2. determine the functions to be completed by a simple Bootloader: Here we only need to complete two main functions, one is to load the operating system to the memory for running, the second is to solidify itself and the operating system kernel into the ROM storage area (here the ROM can be a lot of devices, such as flash in the embedded chip, floppy disk on the PC, U disk, hard disk, etc)

3. Compilation of Bootloader:
Step 1: make initial implementations of related hardware, for example, on the embedded board at91rm9200 (this chip will be used in the future, mainly because I am familiar with this chip, ), first, switch the CPU mode to the system mode, disable system interruption, disable the watchdog, perform memory region ing based on the actual situation, and initialize the memory control area, including parameters related to the memory used, refresh frequency, etc. Second, set the system operating frequency, including using an external crystal oscillator and setting
CPU frequency, bus frequency, and external device frequency. Third, set the system interruption, including the timer interruption, whether to use FIQ interrupt, external interruption, and the interrupt priority.

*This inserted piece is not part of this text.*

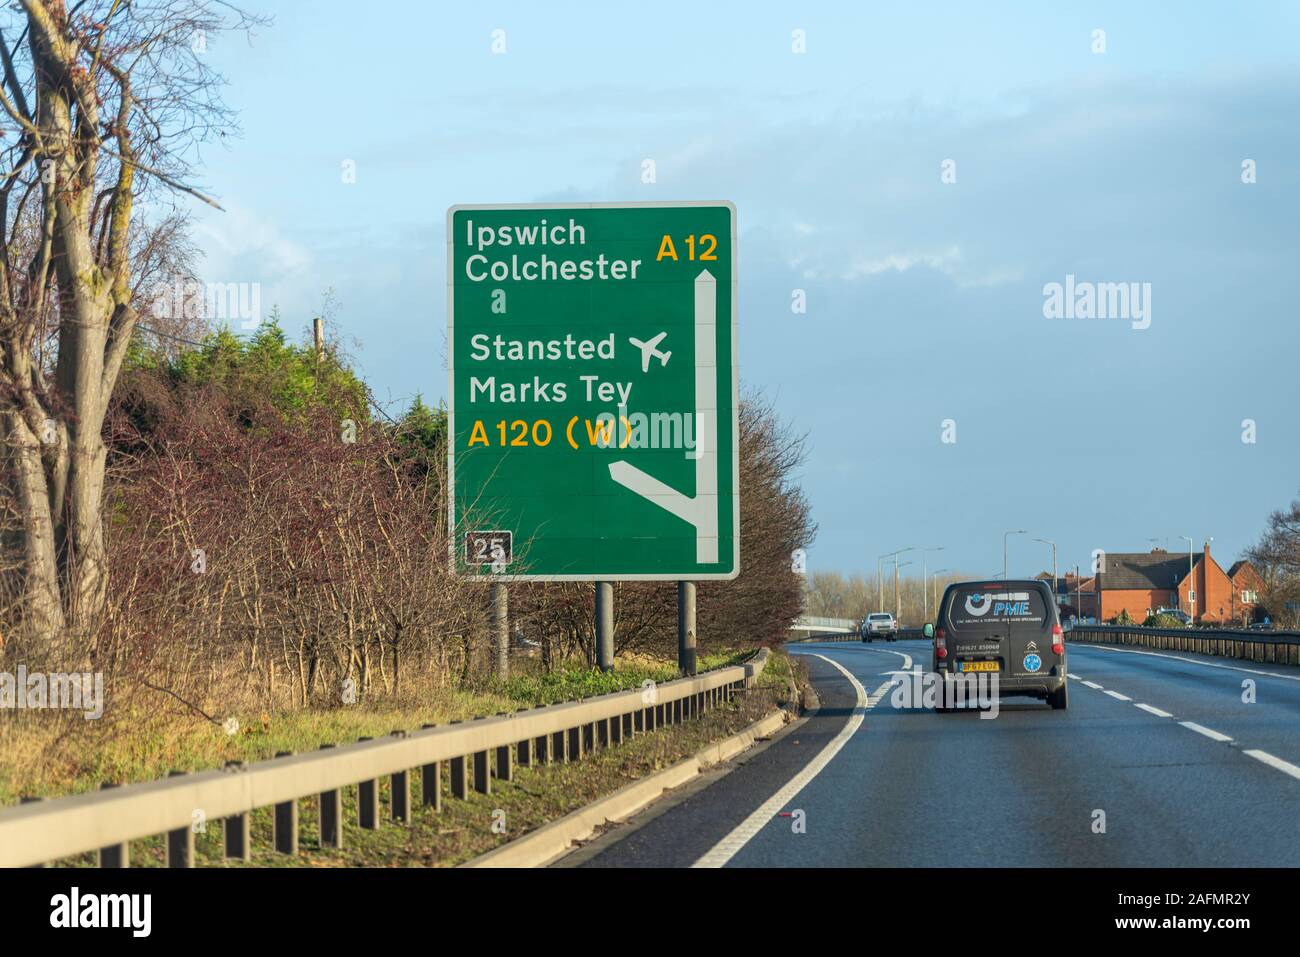 Direction sign for Ipswich, Colchester, Stansted airport, Marks Tey, A120 with vehicles driving on a stretch of A12 duel carriageway, Essex, UK. Stock Photo

Here, only two priorities are implemented, and only the clock interruption level is higher, the rest are the same, and the interrupt vectors point these interrupt vectors to 0x18 during initialization, and disable all the interruptions here. If the Board still has a flash device, you also need to set the flash-related operating registers. Fourth, You need to disable the cache. So far, the chip-related content will be initialized.

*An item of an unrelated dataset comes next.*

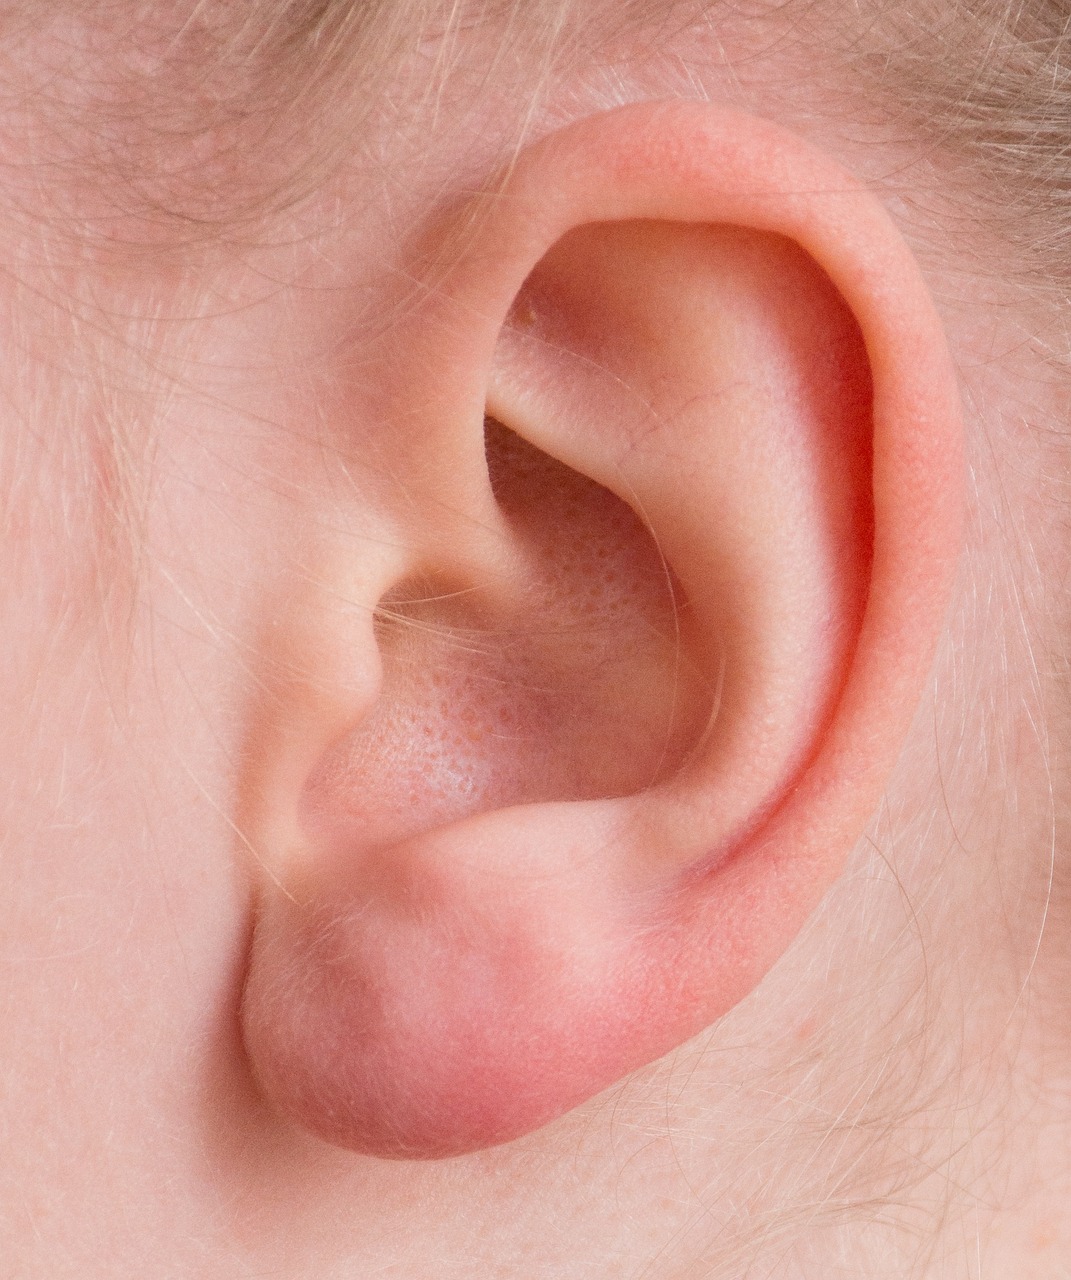 20 Fun Facts About Human Ears

Step 2: There is a difference between the interrupt vector table of arm and the interrupt vector table of PC chip. For the sake of simplicity, when the interrupt occurs, the CPU directly jumps into a part of the area starting from 0x0 (the ARM chip itself determines that it will jump into the area starting from 0x0 when it is interrupted, the specific address to jump to is determined by the interrupt mode. Generally, reset interrupt, Fiq, IRQ interrupt, SWI interrupt, command exception interrupt, and Data Exception interrupt are used, prefetch command exception interrupt), and when the CPU enters the corresponding vector table starting from 0x0, the user needs to program to take over the interrupt handler, this requires you to write the interrupt vector table by yourself. The interrupt vector table stores some jump commands. For example, when an IRQ interrupt occurs on the CPU, it automatically jumps to 0x18, here is a jump command compiled by the user. if the user has compiled a command to jump to 0x20010000, the address is a total IRQ interrupt processing entry, one CPU may have multiple IRQ interruptions. How can we differentiate different interruptions at this general entrance? It is determined by user programming. For specific implementation, see the relevant section later. The interrupt vector table generally uses a vector. s file, of course, how to name it is your favorite, but one thing you need to declare is that it must be located at 0x0 during the link.

Step 3: Set the stack. Generally, three stacks are used. One is the IRQ stack and the other is the stack in the system mode (the register and memory space are shared in the system mode and in the user mode, this is mainly for simplicity). The purpose of setting the stack is mainly to call functions and store local variables. It is impossible to use the whole assembly, nor to use local variables.

Step 4: Copy all future code segments and data segments to the memory and clear the BSS segments.

Step 5: Initialize the serial port (mainly for user interaction and file transmission with PC). The initialization of Flash stores the boot and kernel in Flash ), write the Flash Driver (the driver here is different from what we usually call the driver, because Flash is not like the SDRAM, as long as the relevant controller is set, you can directly read and write the data of the specified address, the Flash write operation is performed on a piece of data, rather than writing one byte or one byte. For details, refer to the relevant materials)
Step 6: Wait for a certain number of seconds to receive user input. If the user does not enter any characters within the specified number of seconds
Boot starts to read all the data in the kernel to the memory at the specified position in Flash (which can be specified by the user) (specifically, the location in the memory is determined by the user, you can also use Linux or the like, that is, add a 0x8000 place at the starting position of the memory) to jump to the first code in the kernel ); if you type a character in the specified number of seconds (this is mainly for convenient development, if you do not need this code after the development is finalized), then you can interact with the user on the serial port, accept the user input commands in the serial port, such as the user requires to download files in the Flash specified location, the specific content can refer to the U-BOOT and other open source projects so far, boot part has been completed, this boot is very simple, just to solidify the files uploaded by the PC into flash, and then load the operating system kernel part of flash into the memory, and give the CPU control to the operating system. The next page explains how to write the simplest operating system !!!!

Implement the simplest Embedded Operating System (3)  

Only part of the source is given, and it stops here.